The World Health Organization’s (WHO) international team of investigators Wednesday visited a virology laboratory in the Chinese city of Wuhan, a research center that has been the subject of speculation about the origin of COVID-19.
The team spent about three-and-a-half hours at the Wuhan Institute of Virology. When asked by reporters if they found anything, one off the researchers called from her car as it sped away, "Very interesting. Many questions."
The institute is the subject of conspiracy theories that speculate a laboratory leak caused the city's first coronavirus outbreak in the city.
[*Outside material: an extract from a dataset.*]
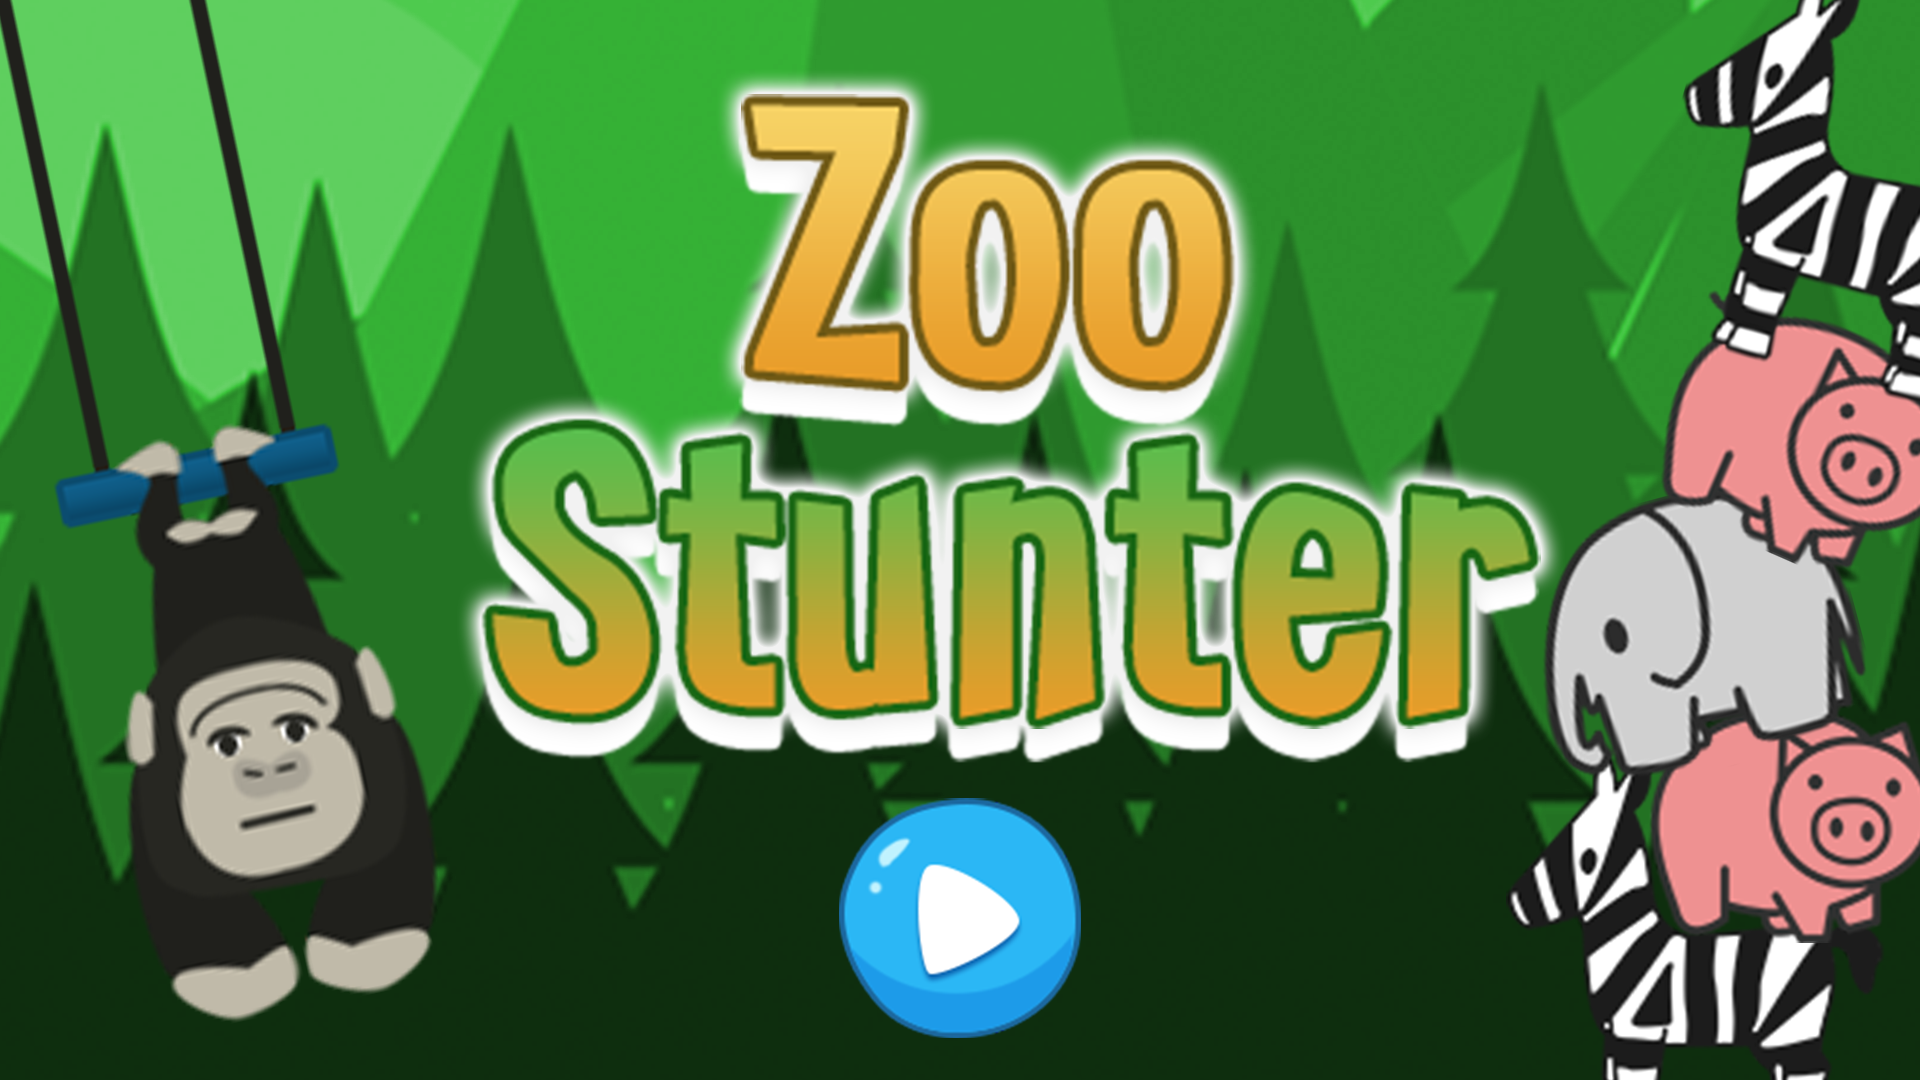 Zoo Stunter - Play!

Most scientists reject the hypothesis, but some speculate that a virus captured from the wild could have figured into experiments at the lab to test the risks to humans, and then escaped.
Scientists called for the lab to release details of all coronavirus samples studied there to investigate those theories.
The lab visit came on day six of the mission to explore the origins of the virus that first appeared in the central China city at the end of the 2019 and has since killed more than 2.2 million people worldwide.
WHO officials, including members of the team, have tried to manage expectations for the mission and have played down the chances of finding any definitive answers on this trip, including how the virus jumped from animals to humans.
But in an interview Tuesday, with Britain’s Sky News, team member and disease ecology expert Peter Daszak said the investigators have seen data that has not been seen before and the team is “really getting somewhere” in their effort to find the source of the virus.
He said, "We will, at the end of this mission, produce a report, which will have some indications of what you know, what the most likely scenarios are, and also some suggestions and really strong indications of what work needs to be done in the next few weeks and months to really get a grip of that."